Indeed. That said, I’ve had some success with agent skills, but I use them to make the LLM aware of things it can do using specific external tools. I think it is a really bad idea to use this mechanism to enforce safety rules. We need good sandboxing for this, and promises from a model prone to getting off the rails is not a good substitute.
But I have taught my coding agent to use some ad hoc tools to gather statistics from a directory containing experimental data and things like that. Nobody is going to fine tune a LLM specifically for my field (condensed matter Physics) but using skills I still can make it useful work. Like monitoring simulations where some runs can fail for various reasons and each time we must choose whether to run another iteration or re-start from a previous point, based on eyeballing the results ("the energy is very strange, we should restart properly and flag for review if it is still weird", this sort of things). I don’t give too many rules to the agent, I just give it ways of solving specific problems that may arise.
I hope the only reason people are pretending these markdown suggestions are a "workflow" is fear that a more structured approach will be obsolete by the time it's polished. I can't imagine the pace of innovation with the underlying models will stay like this forever.
I hope to see harnesses that will demand instead of ask. Kill an agent that was asked to be in plan mode but did not play the prescribed planning game. Even if it's not perfect, it'd have to better than the current regime when combined with a human in the loop.
Don't let the perfect be the enemy of the good. Of course we know the AGENTS.md and skills aren't 100% effective. But no, it doesn't mean that they're 0% effective.

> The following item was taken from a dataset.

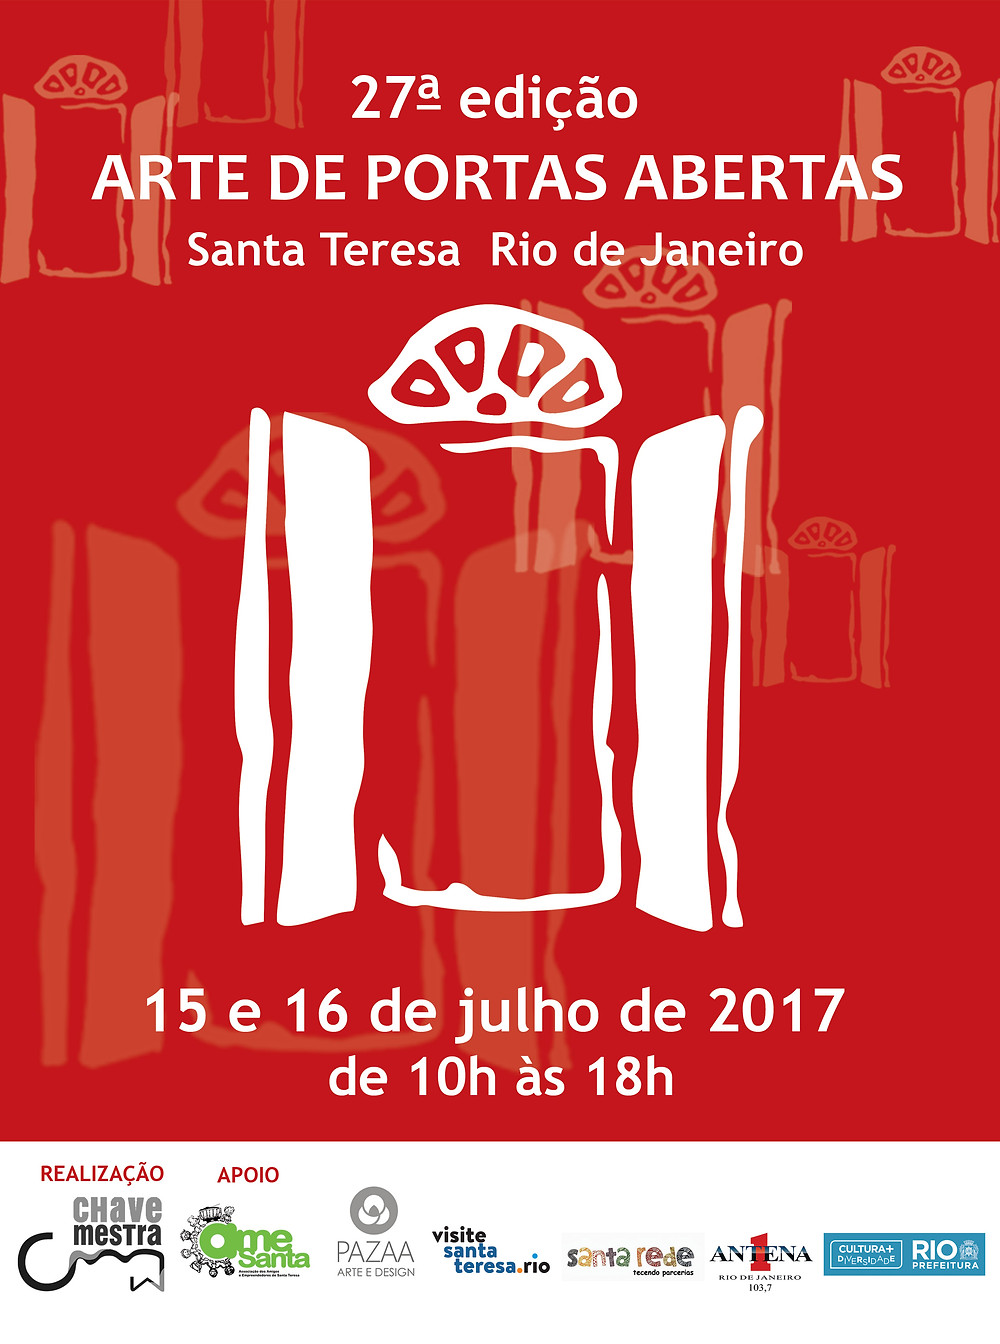 Arte de Portas Abertas 2017

A slot machine isn't snake oil.
Slot machine give you rewards when star aligns, snake oil never do :)
All this said, I quite like the mental model of documenting a simple process, and I suspect our future ai overlords will find it useful that I have a series of md files that outline my preferences and processes for certain tasks.
I am not however going to share any of this with work colleagues and make myself redundant.
I can see why this would seem to be “snake oil” logically. However, this approach does work in reality. Your comment just shows that you seem inexperienced with using generative AI.